WORK INSTRUCTIONS ->
Find the line with "ml-dl-machine-learning-deep-learning-concepts.jpg" in the entries below, then output every line from it down to the line with "Country singer Marty", exactly and with no pictures.

INPUT MATERIAL ->

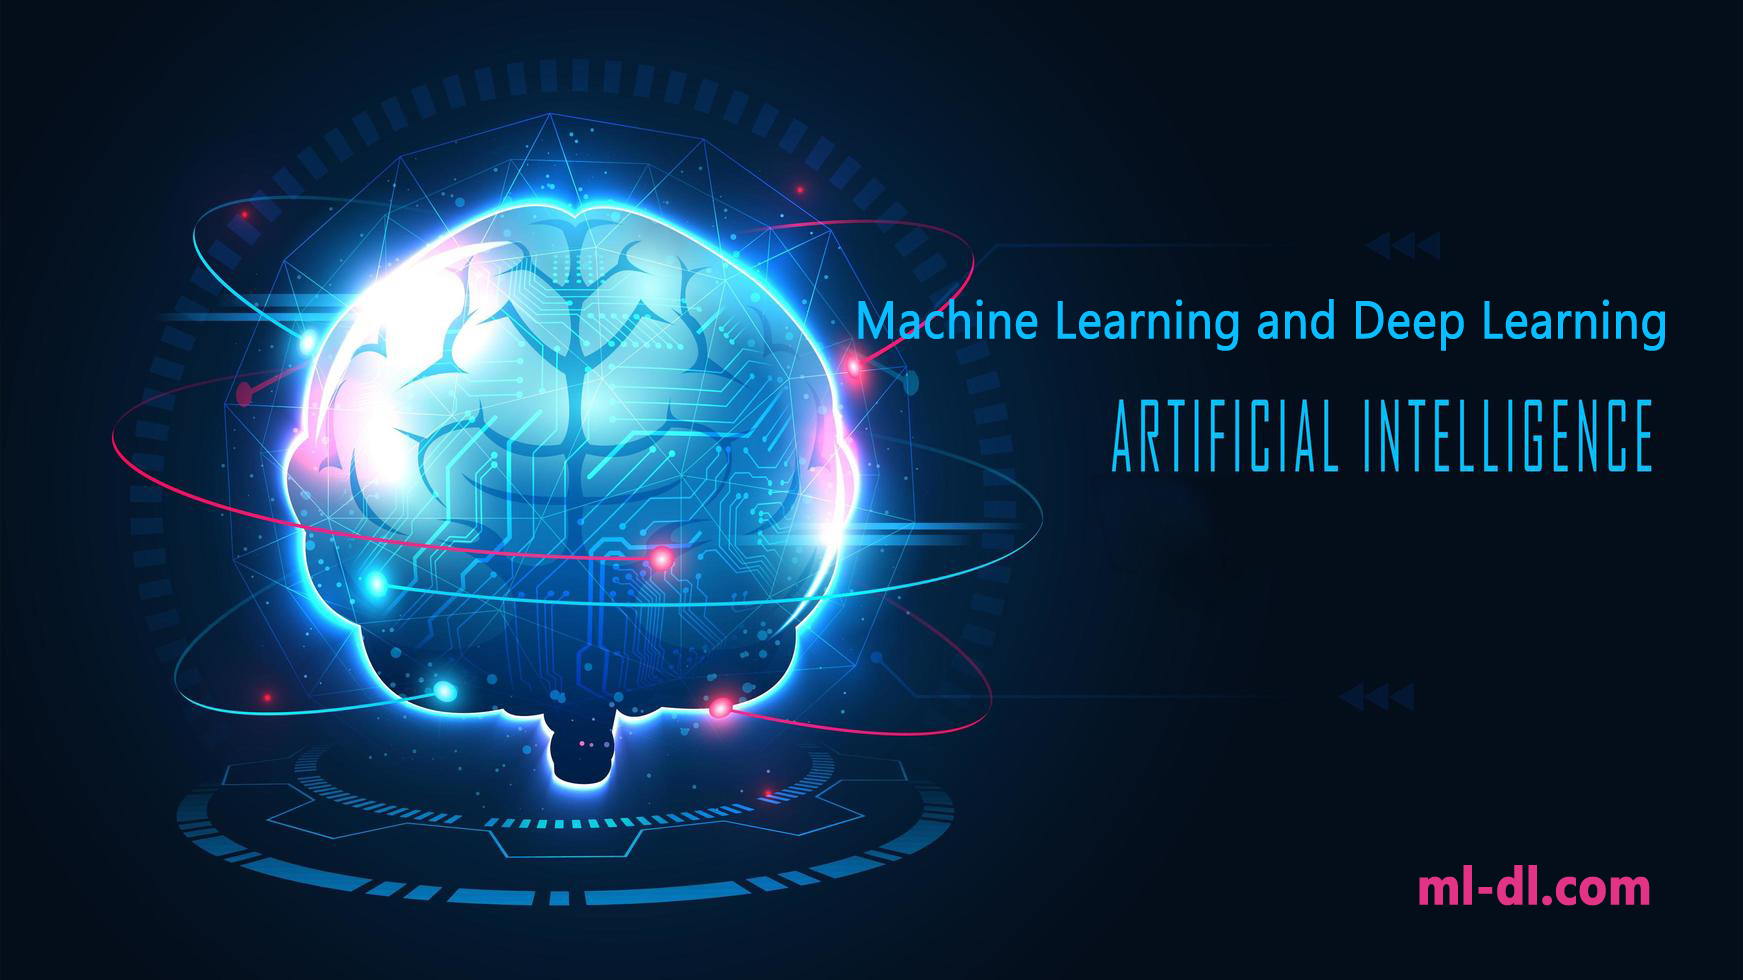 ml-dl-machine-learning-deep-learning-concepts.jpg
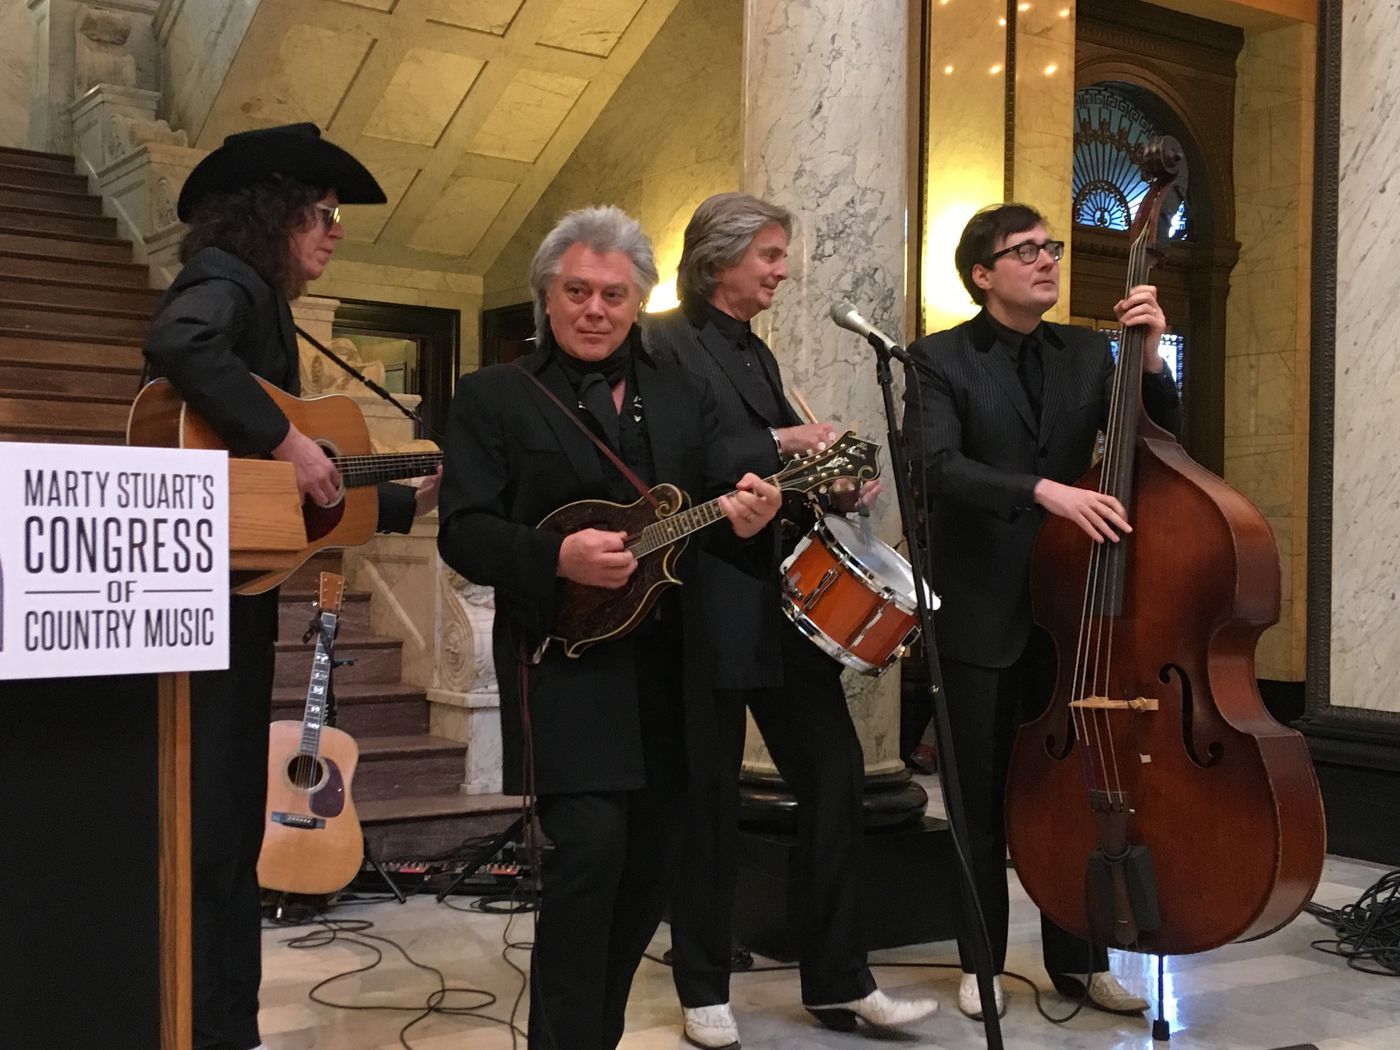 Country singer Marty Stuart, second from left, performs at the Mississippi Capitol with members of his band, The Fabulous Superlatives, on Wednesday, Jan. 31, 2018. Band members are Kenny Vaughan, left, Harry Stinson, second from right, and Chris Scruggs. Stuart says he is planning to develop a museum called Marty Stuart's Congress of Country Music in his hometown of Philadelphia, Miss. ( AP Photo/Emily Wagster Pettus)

...

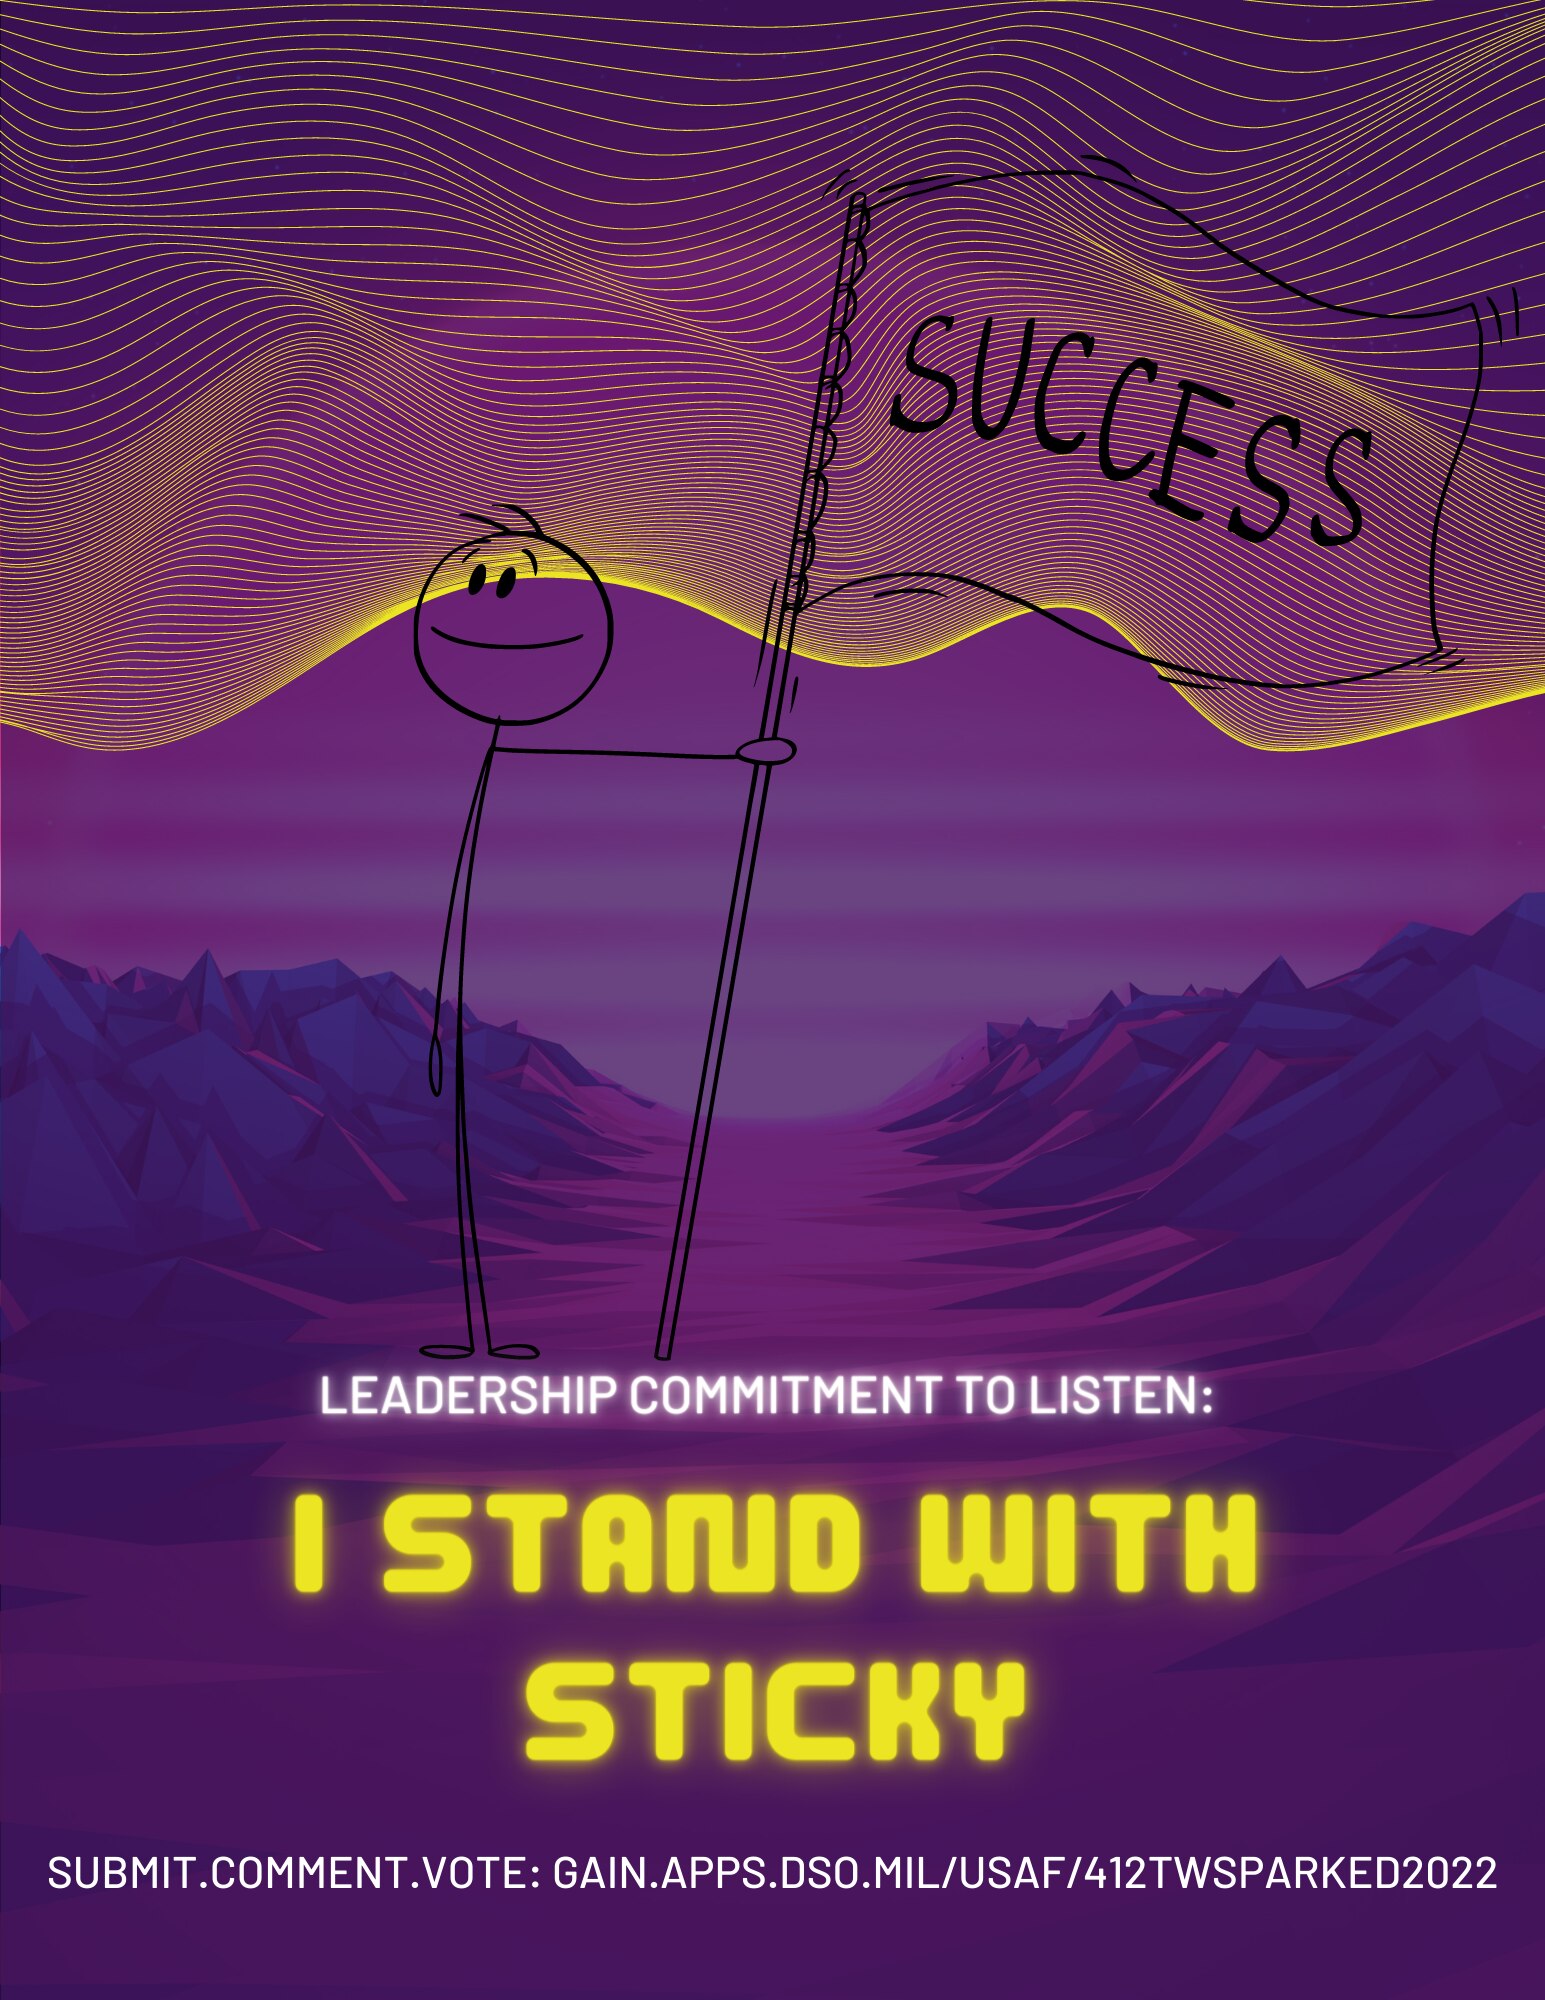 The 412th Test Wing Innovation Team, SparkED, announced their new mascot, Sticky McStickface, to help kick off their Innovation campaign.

--

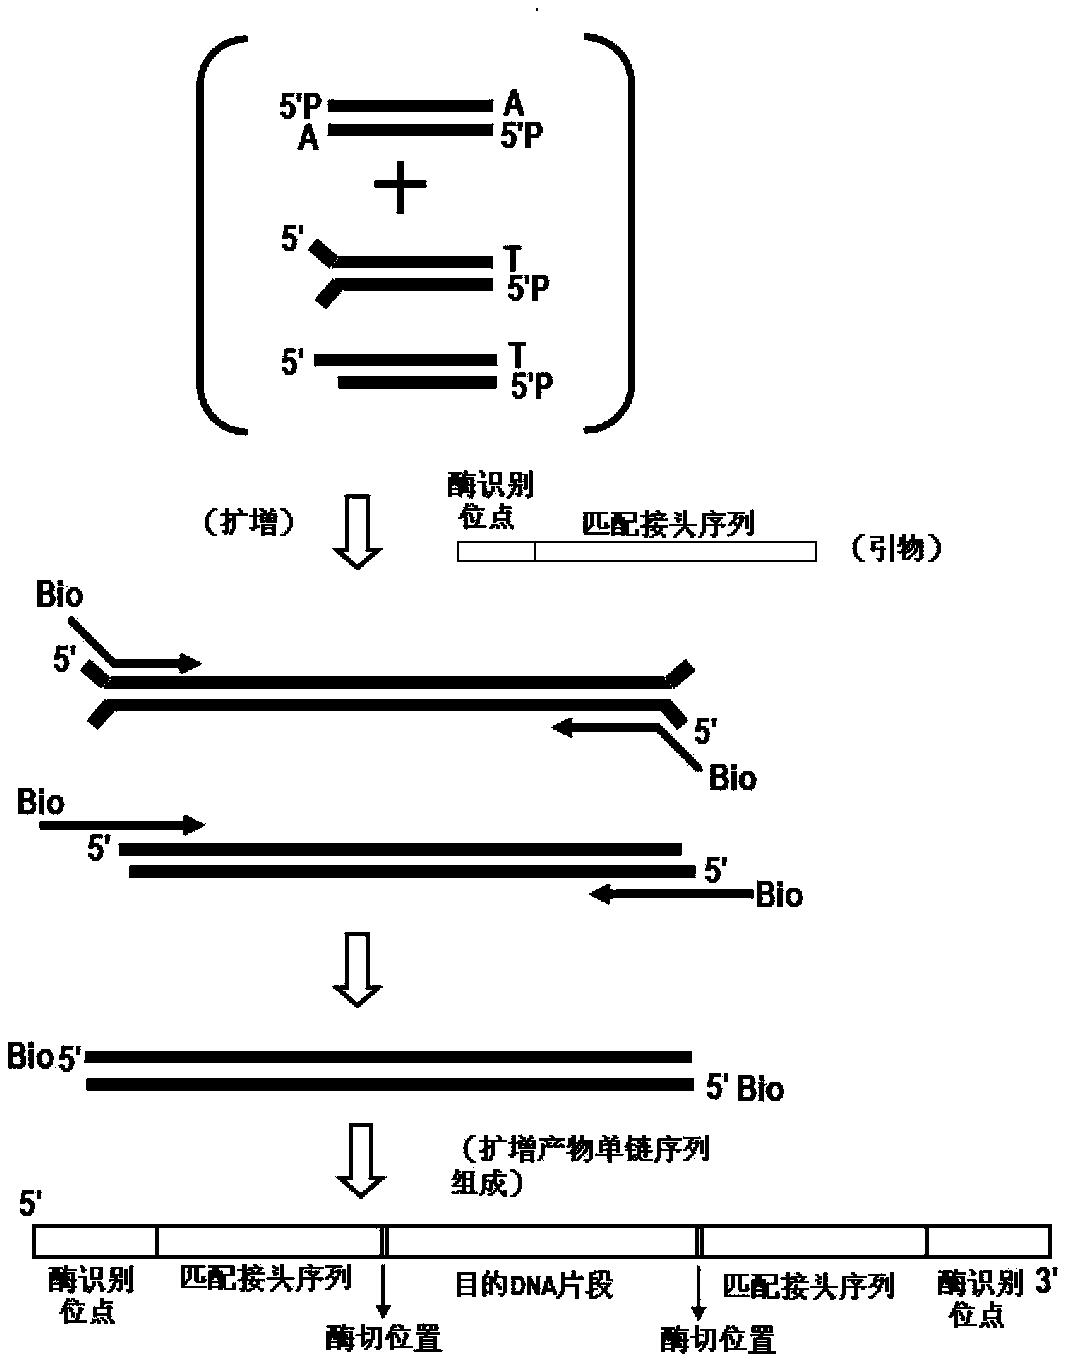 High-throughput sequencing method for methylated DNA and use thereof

RESULT OF THE EXERCISE ->
 ml-dl-machine-learning-deep-learning-concepts.jpg
 Country singer Marty Stuart, second from left, performs at the Mississippi Capitol with members of his band, The Fabulous Superlatives, on Wednesday, Jan. 31, 2018. Band members are Kenny Vaughan, left, Harry Stinson, second from right, and Chris Scruggs. Stuart says he is planning to develop a museum called Marty Stuart's Congress of Country Music in his hometown of Philadelphia, Miss. ( AP Photo/Emily Wagster Pettus)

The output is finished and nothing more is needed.